My Trauma Taught Me…

One day I woke up different.  It had been a long time in the making – forty-seven years to be exact!  Years of over-functioning for others together with compassion fatigue forced me to reevaluate my sense of self.  Well, maybe a few therapy sessions helped, too! I was officially finished trying to figure out who was on my side, against me, or who was walking warily down the middle because they did not have the guts to pick a side.  I was done with anything that did not bring me peace or pleasure.  The damaging people in my life were given tighter boundaries or purged.  Their negative energy would no longer infect my peace, nor would I allow their bitterness to penetrate my positivity.  

Awakening to trauma is painful and scary.  For me, it has been an isolating experience.  Feeling the feelings and not becoming the emotions is harder said than done.  When I began my healing journey, it was almost overwhelming to see how trauma manifested everywhere in society, mainly within my family system is where I saw it front and center.  I continue to witness my trauma, allow it to be present then release it without judgment.  This process of reconciling my resentment started to change my life.  To be honest, it was not just one day that gave me hope to move past the generational gook.  It was a collection of days that forced me to see through the darkness and allow my light to triumph.  Realizing life is too short of leaving the key to my happiness in someone else’s pocket was a delightful feeling.

Trauma is an intelligent process.  It took time to understand its impact on me and my actions towards myself and others.  I believe we all can relearn and unlearn our past behaviors.  I try to describe the effects of trauma is when our inner emotional world becomes the outer emotional world.  Which often leads to hurt, traumatized people hurting and traumatizing people.  The fragmented worlds of emotion we live in are invisible forces.  The nature of trauma is multifaceted.  This inner and social disconnect or dislocation of psychosocial integration is what I want to explore further, both in myself and its effects on others.

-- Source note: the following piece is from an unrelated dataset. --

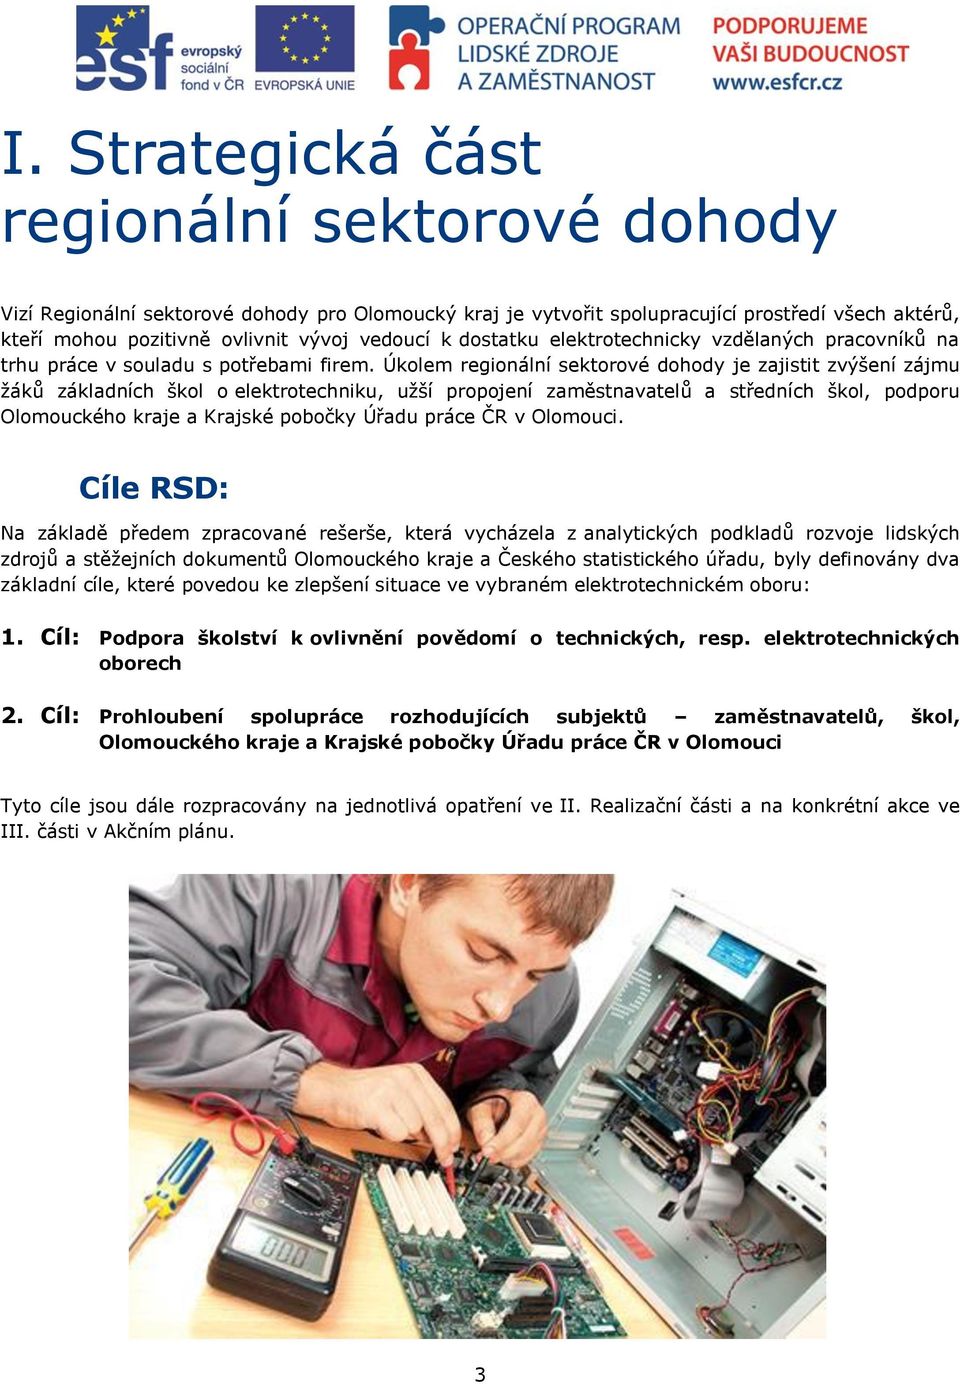 Úkolem regionální sektorové dohody je zajistit zvýšení zájmu žáků základních škol o elektrotechniku, užší propojení zaměstnavatelů a středních škol, podporu Olomouckého kraje a Krajské pobočky Úřadu

With my continued research towards my dissertation in the field of epigenetics and inheritance of trauma, I have been introduced to leading experts.  One of them being Dr. Gabor Mate, a palliative care physician who devotes his energies to addicted men and women.  Watching a documentary recently on the Wisdom of Trauma with Dr. Gabor Mate and other experts in the field such as Thomas Hubl, I learned that trauma causes us to live in survival mode.  A hypervigilant state where we are ‘looking over our shoulder’ always believing people are out to hurt us equating to a lack of self-trust.  Both Mate and Hubl talk about trauma and recognize it is a colossal and complex dilemma.  Having abandonment issues and dealing with the death of a parent at a very young age has caused suffering in ways I could not have imagined.  Yet, I became adept at masking and ignoring the pain; outrunning or pretending it did not affect me.

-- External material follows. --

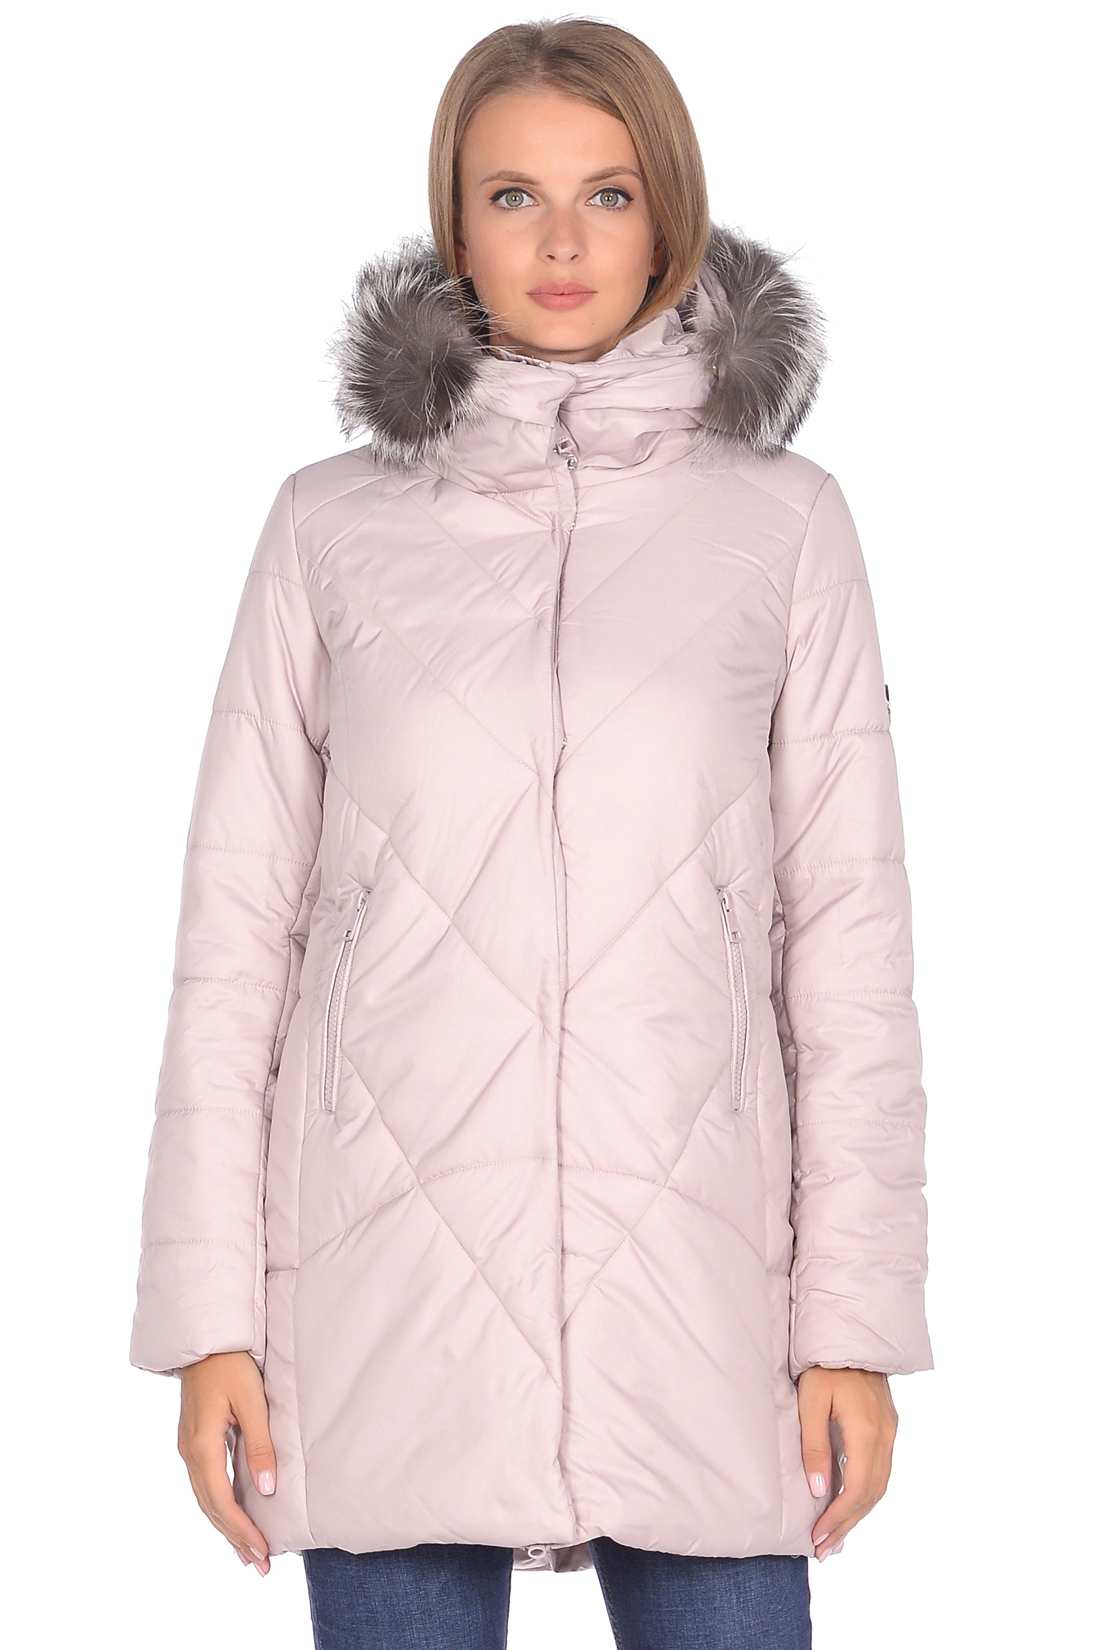 Куртка с мехом чернобурки (арт. baon B038562), размер XXL, цвет розовый Куртка с мехом чернобурки (арт. baon B038562) - фото 1

To heal from trauma, we must learn how to trust ourselves again, return to our bodies, and forgive ourselves for what we did while we were in survival mode.  I will continue to explore my journey with trauma and the disconnect we face in the realm of pseudo-connectivity in our technological age.  Our society fails to talk about trauma and what drives people into addiction and emotional pain.  We live through a time when there is a desperate need to escape the isolation and dismay of our daily lives.  I entered and found safety in my fictional town of Numbville in the hope of finding solace from my imbalanced feelings.  This place I escaped to avoid the desperate feeling of dismay in my daily life.  As the highs and lows of my life felt overwhelming. The inside and outside noises around me dulled when I was in my place of refuge.  No one bothered me in Numbville.  I would watch the world and all its players like a variety show.  My limited participation in life was half-hearted – like never being fully alive in my own body.  I found comfort, safety and security staying within the confines of this walled city I concocted.

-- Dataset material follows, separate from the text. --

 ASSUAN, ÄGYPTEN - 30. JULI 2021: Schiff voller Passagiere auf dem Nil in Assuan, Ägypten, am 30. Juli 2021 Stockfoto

Healing our collective trauma is a process that will take time and energy.  I am hopeful that my journey of integrating my intergenerational and cultural wounds will be an example for others to follow. For the longest time, I felt my muddled mind was mental illness, yet this could be a genetic flaw from my father and mother.  I also learned that parents who generate trauma were traumatized themselves, repeating the cycle they once learned as children.  I will delve deeper into this when I discuss the epigenetics and inheritance of trauma biologically. For example, I had a father who was an angry alcoholic who abused my mother while intoxicated.  My mother was emotionless and lacked the parental tools to give me love and attention. What my trauma has taught me is that my parents did not intend to traumatize me.  Both my parents did the best they could with the level of awareness they had at the time.  As I continue to uncover the underlying dynamics of both individual and collective trauma, I will heal not only my own deepest wounds but access my higher potential not to allow transmission of this trauma for future generations.  To me, that is a beautiful thing trauma taught me.